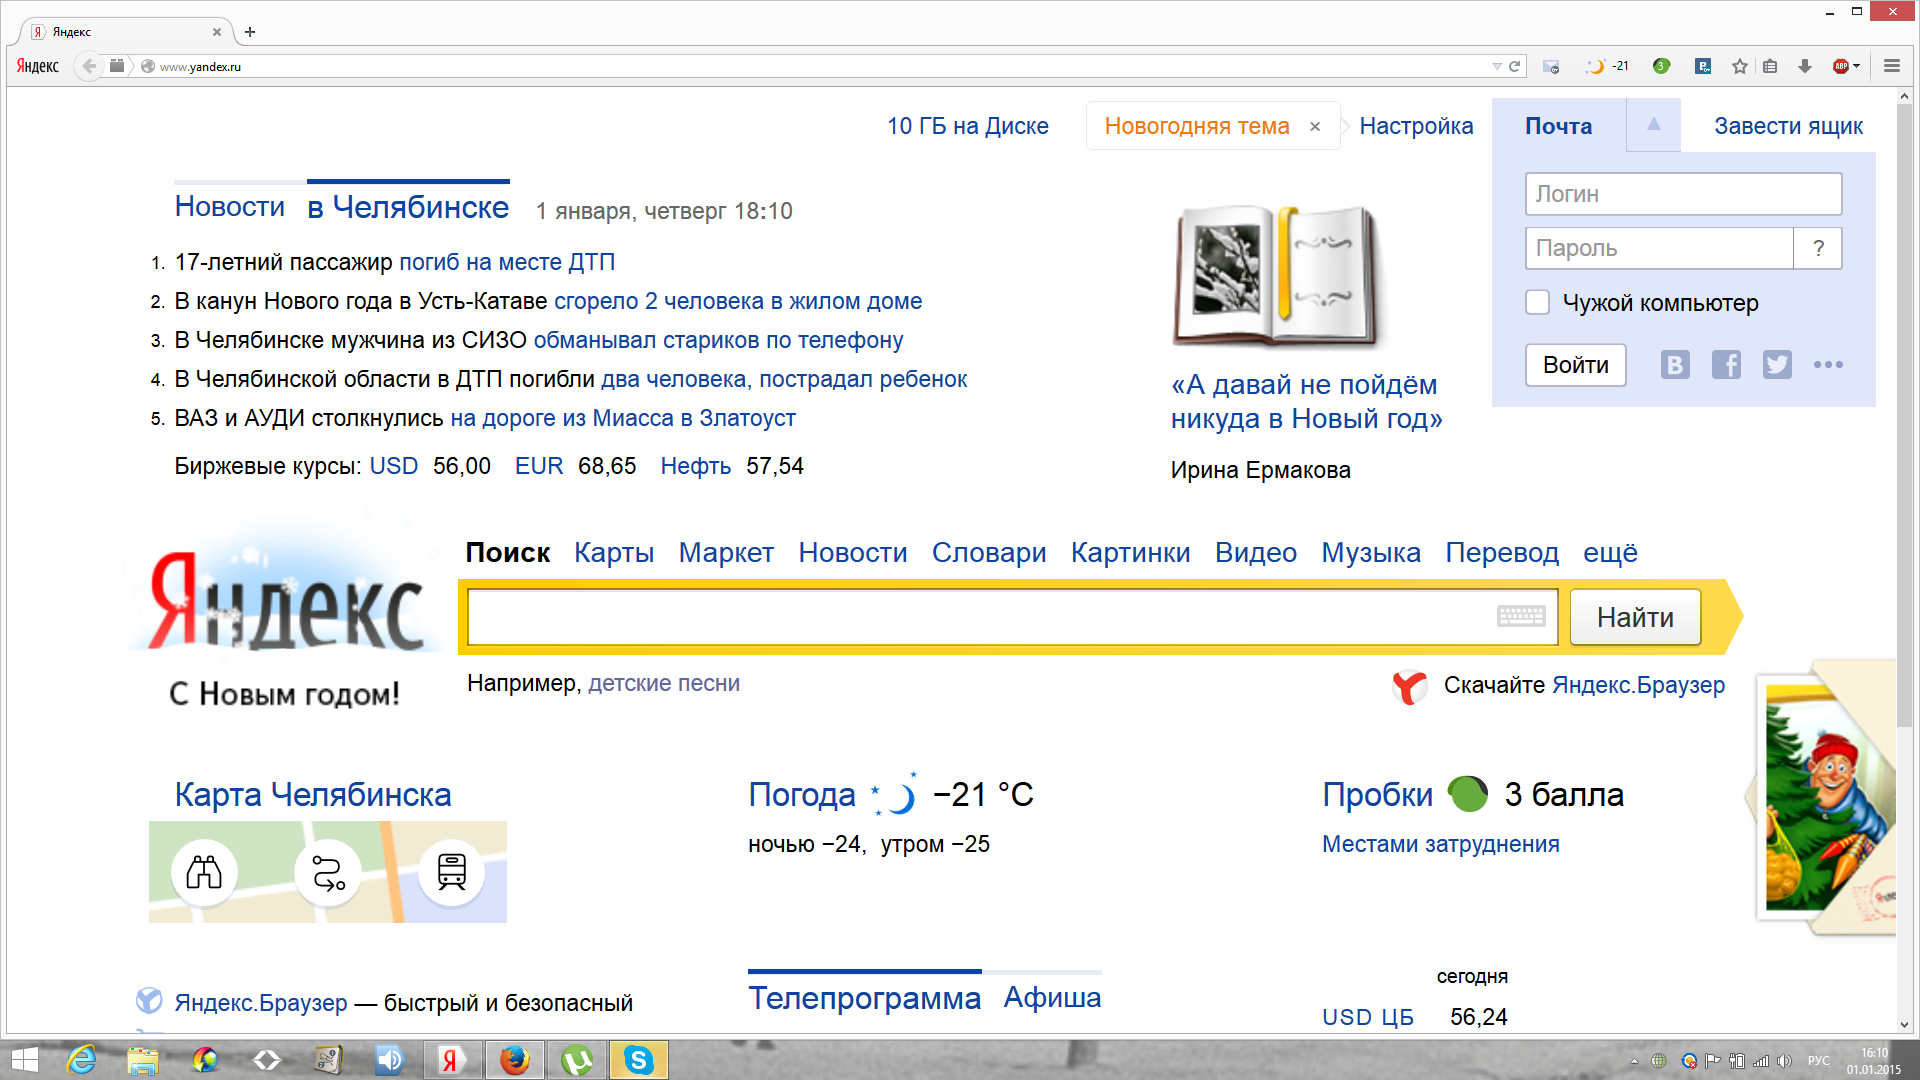 Скриншот главной страницы Яндекса
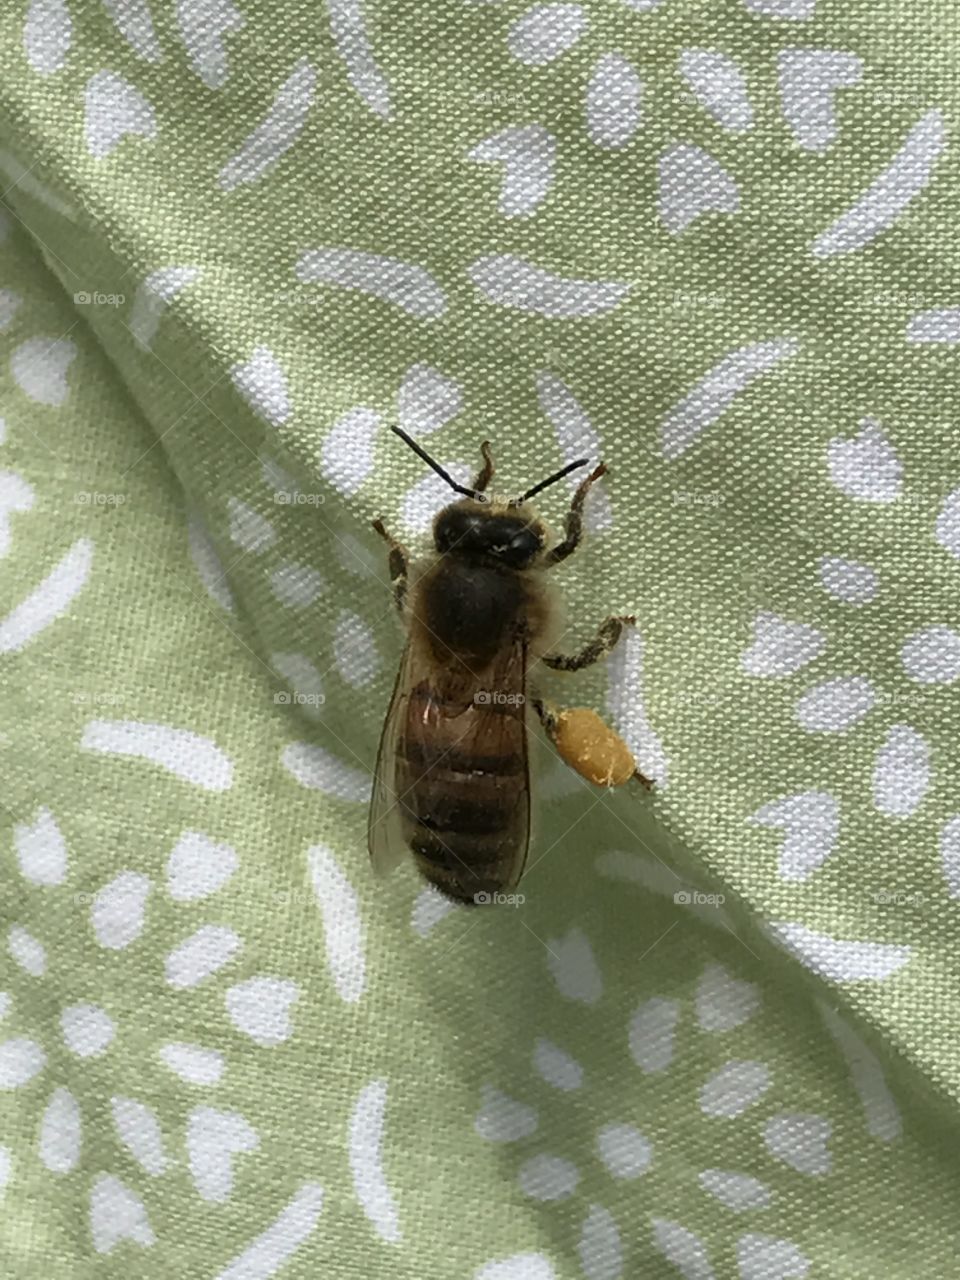 Bee pollen
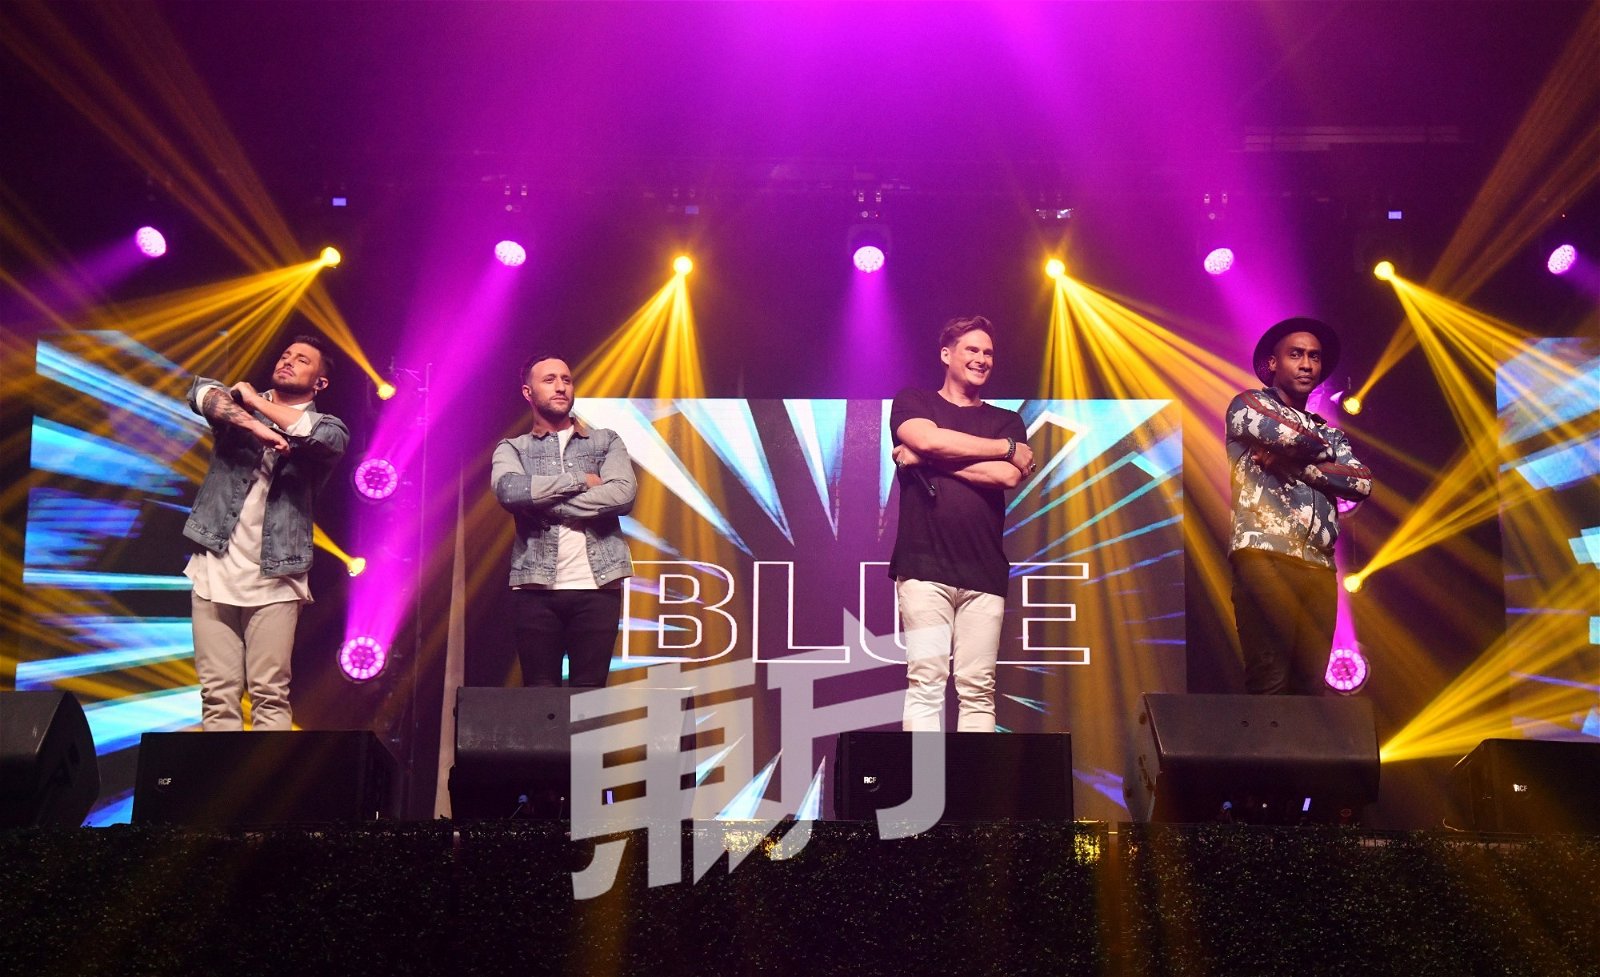 BLUE在离开舞台前带来《All Rise》，歌曲前奏一响起，尖叫声再次四起。

┄┄┄┄┄┄┄┄┄┄

Go through the listing above and retype it exactly, skipping every picture.

• OUTPUT OF THE TASK:
 Скриншот главной страницы Яндекса
 Bee pollen
 BLUE在离开舞台前带来《All Rise》，歌曲前奏一响起，尖叫声再次四起。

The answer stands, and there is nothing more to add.